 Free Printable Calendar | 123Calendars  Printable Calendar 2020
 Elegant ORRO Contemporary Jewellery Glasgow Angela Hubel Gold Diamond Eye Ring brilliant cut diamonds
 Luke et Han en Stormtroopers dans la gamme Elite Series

■ ■ ■ ■ ■

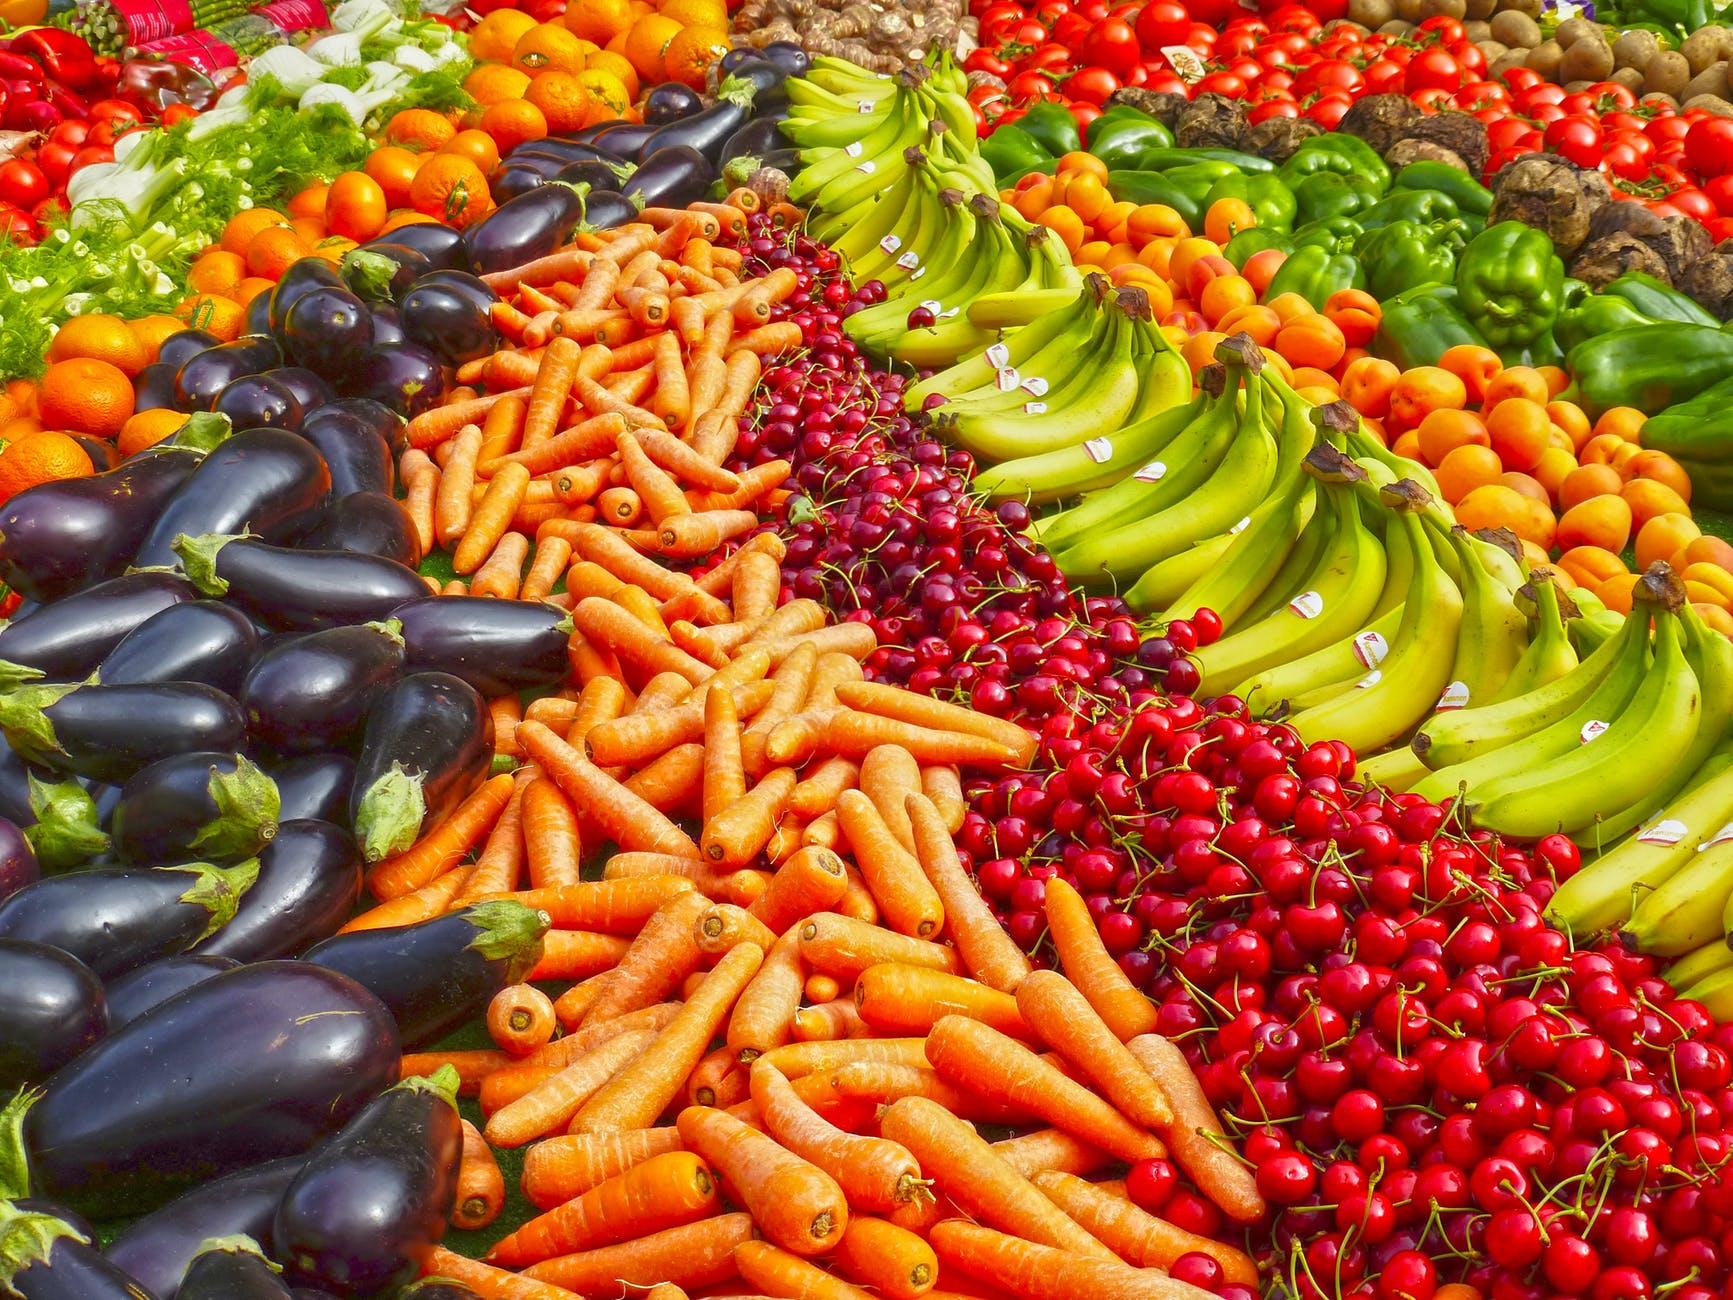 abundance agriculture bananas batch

■ ■ ■ ■ ■

* [WHAT YOU NEED TO DO]
Everything in the material above from the line that has "Free Printable Calendar" through the line that has "Luke et Han" must be duplicated exactly, with no other lines given.

* [ANSWER BOX]
 Free Printable Calendar | 123Calendars  Printable Calendar 2020
 Elegant ORRO Contemporary Jewellery Glasgow Angela Hubel Gold Diamond Eye Ring brilliant cut diamonds
 Luke et Han en Stormtroopers dans la gamme Elite Series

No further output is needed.